Son adversaire principal de Besançon, Toon Aerts, est lui aussi de la partie. "Je suis très content de découvrir un nouveau circuit. En Belgique, je fais tous les parcours depuis quinze ans. C'est un circuit typiquement français avec des portions larges où on peut se doubler. En Belgique, le parcours est parfois plus étroit. On peut prendre plus de vitesse. Par exemple en Belgique, il y a des virages serrés où on repart à zéro, ici il n'y en a pas. En reconnaissance, je suis déjà à 19 km/h de moyenne sur un tour. En Belgique, ce n'est jamais le cas dans une reco". Le leader de la Coupe du Monde rejoint l’avis du coureur de Baloise Trek Lions. "C’est toujours très large. En Belgique, parfois on se retrouve dans des endroits où on se demande si c'est vraiment pour le cyclo-cross. En France, le parcours est toujours dur, les courses sont difficiles, on le voit à la télévision. J'espère que demain il y aura beaucoup de spectateurs". Ils seront 5000, soit le maximum autorisé.

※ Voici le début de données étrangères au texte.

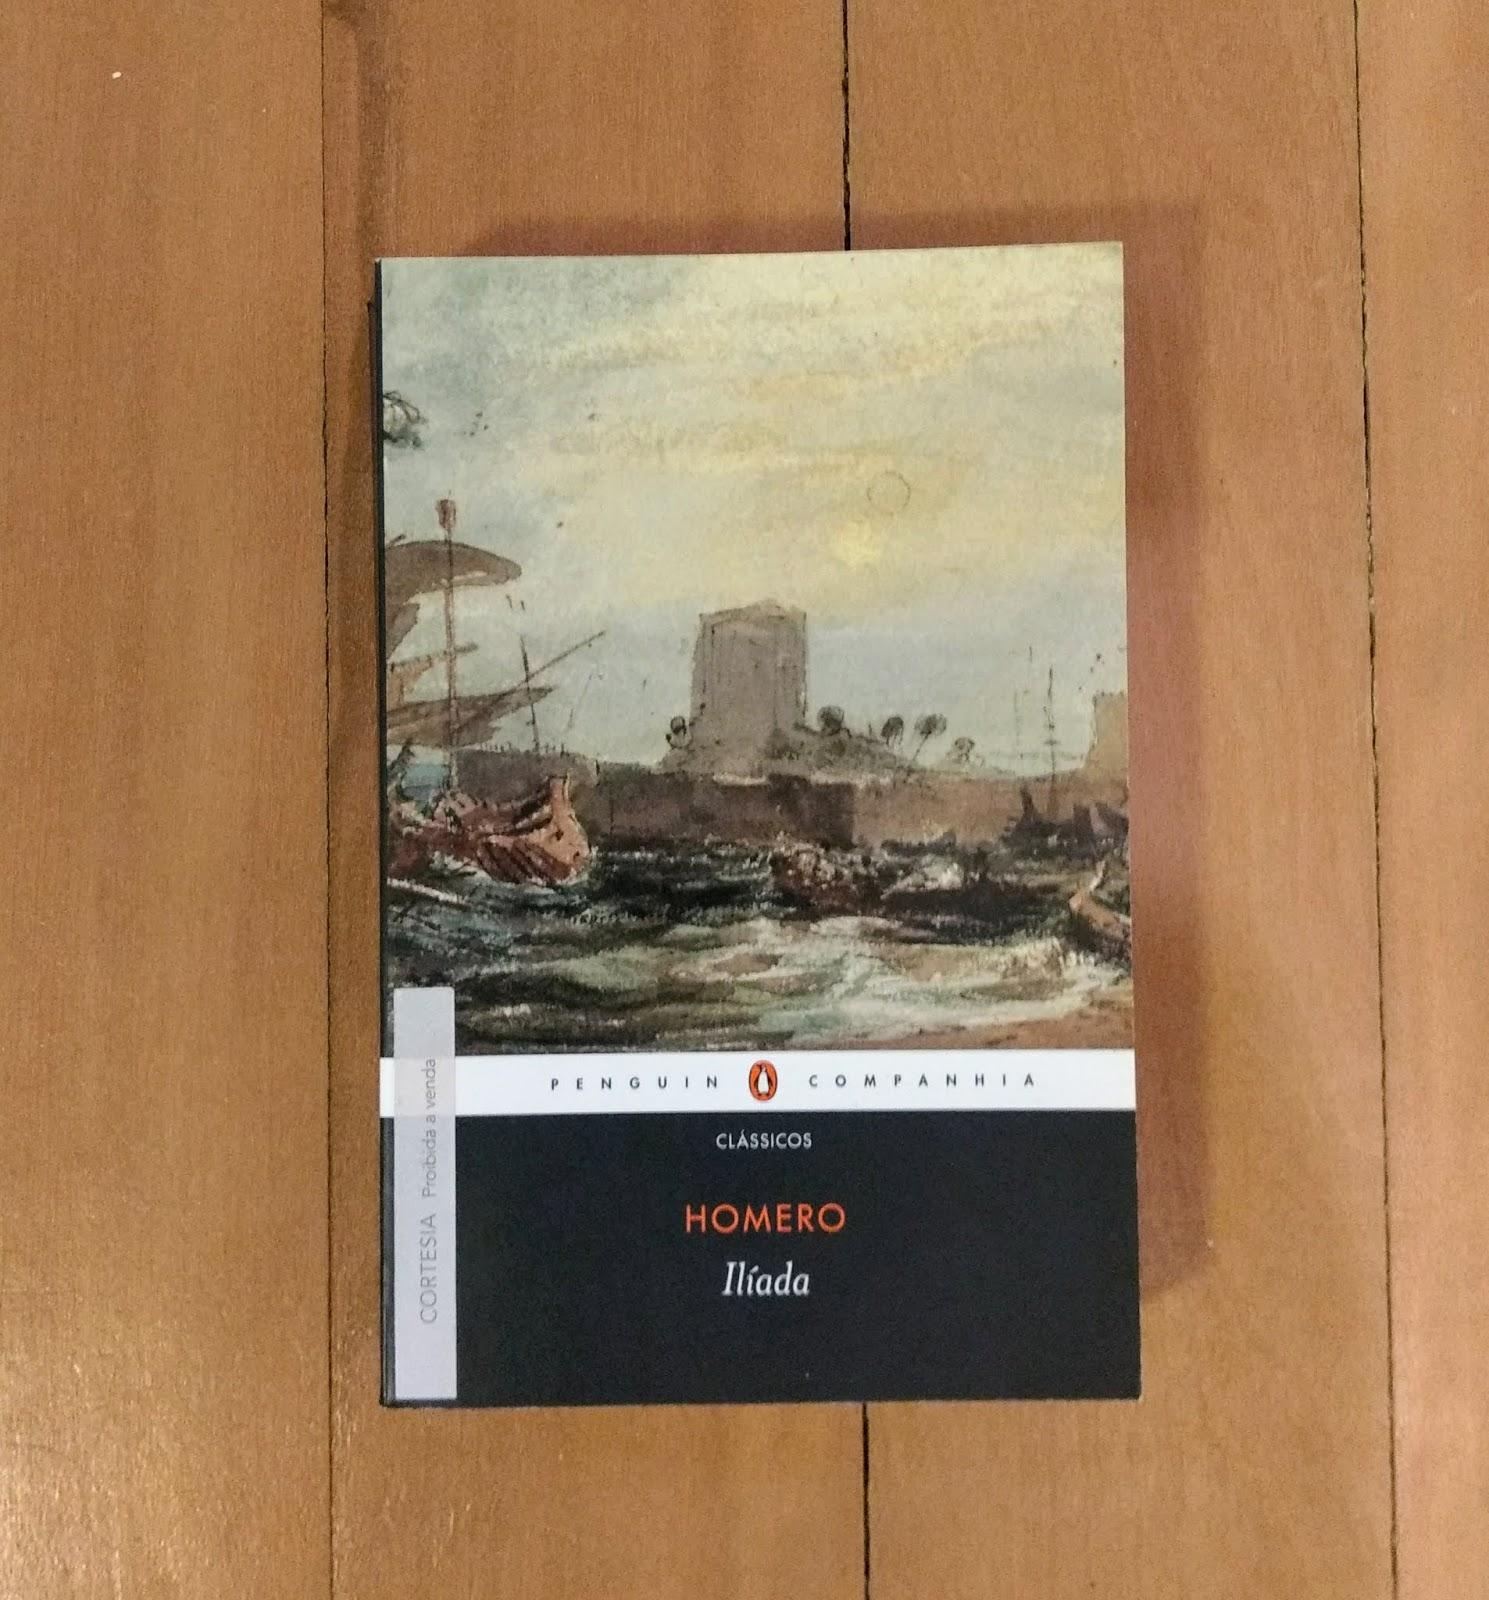 b530664de0862 É dele a tarefa de avaliar estes dois clássicos da literatura mundial na  versão integral do selo Penguin da Companhia das Letras. Assim que eu  conseguir uma ...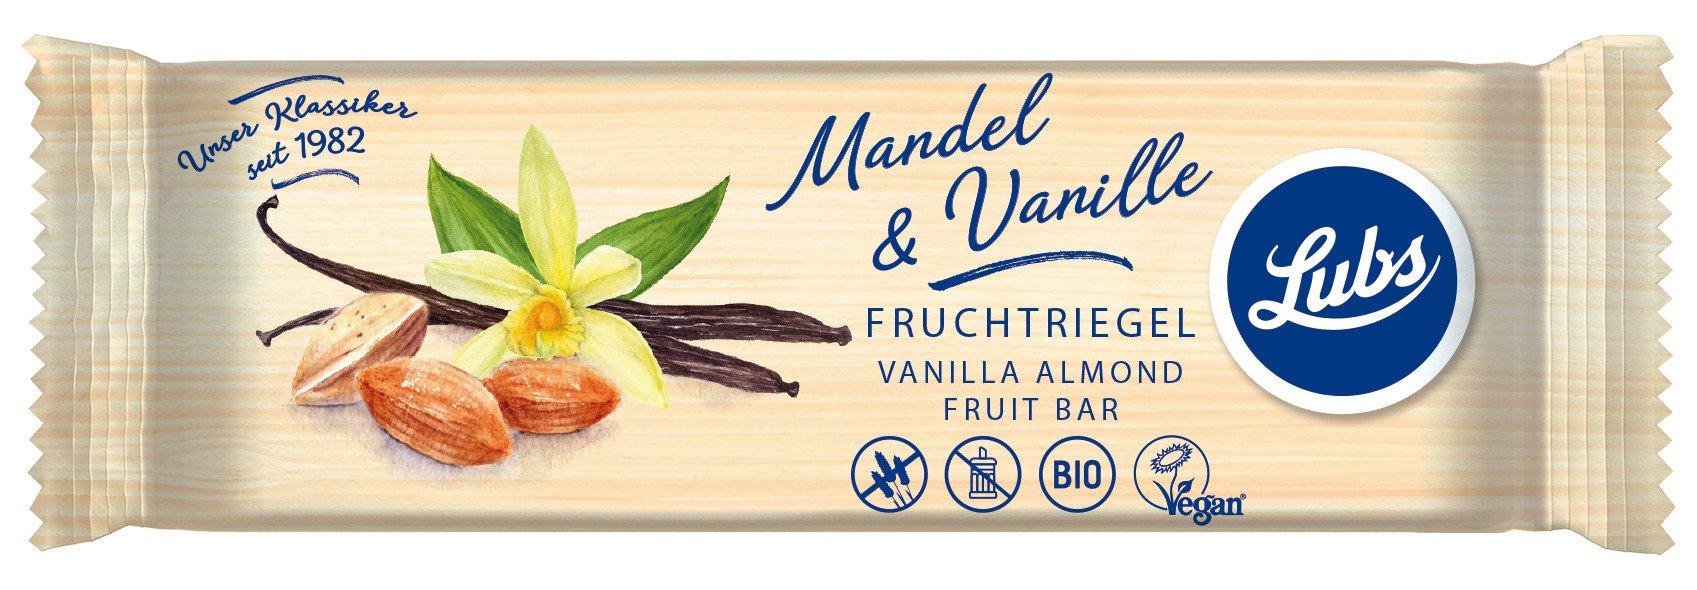 produktrueckruf-lubs-fruchtriegel-mandel-vanille-lubs-fruchtriegel-banane-mandel Produktrückruf |Lubs Fruchtriegel Mandel-Vanille & Lubs Fruchtriegel Banane-Mandel Produktwarnungen Überregionale Schlagzeilen Lebensmittelrückrufe Rückruf |Presse Augsburg

« C’EST BIEN POUR NOUS, COMME ÇA C’EST PLUS OUVERT »

Côté suisse, Loris Rouiller découvre aussi Flamanville, mais il a pu bénéficier des conseils d’un Français qui connait bien cette terre normande. "C’est un très beau parcours, bien pensé. Je le trouve super joli mais il est super dur, très exigeant. On pense que c’est un parcours roulant mais ça colle énormément. Il y a pas mal de faux plats, de petites buttes, et tout le temps des relances. J’ai eu Antoine Benoist au téléphone, qui a été Champion de France sur ce parcours, mais à l’envers. Normalement il ne doit pas y avoir d’écarts. Mais de ce que j’ai vu aujourd’hui ça va être difficile, usant. Il va falloir gérer sa course et garder la tête. Il ne faudra pas exploser au premier tour, ça va être intéressant, pour le public aussi. Il y aura des groupes, des écarts, mais ça va rester assez groupé devant".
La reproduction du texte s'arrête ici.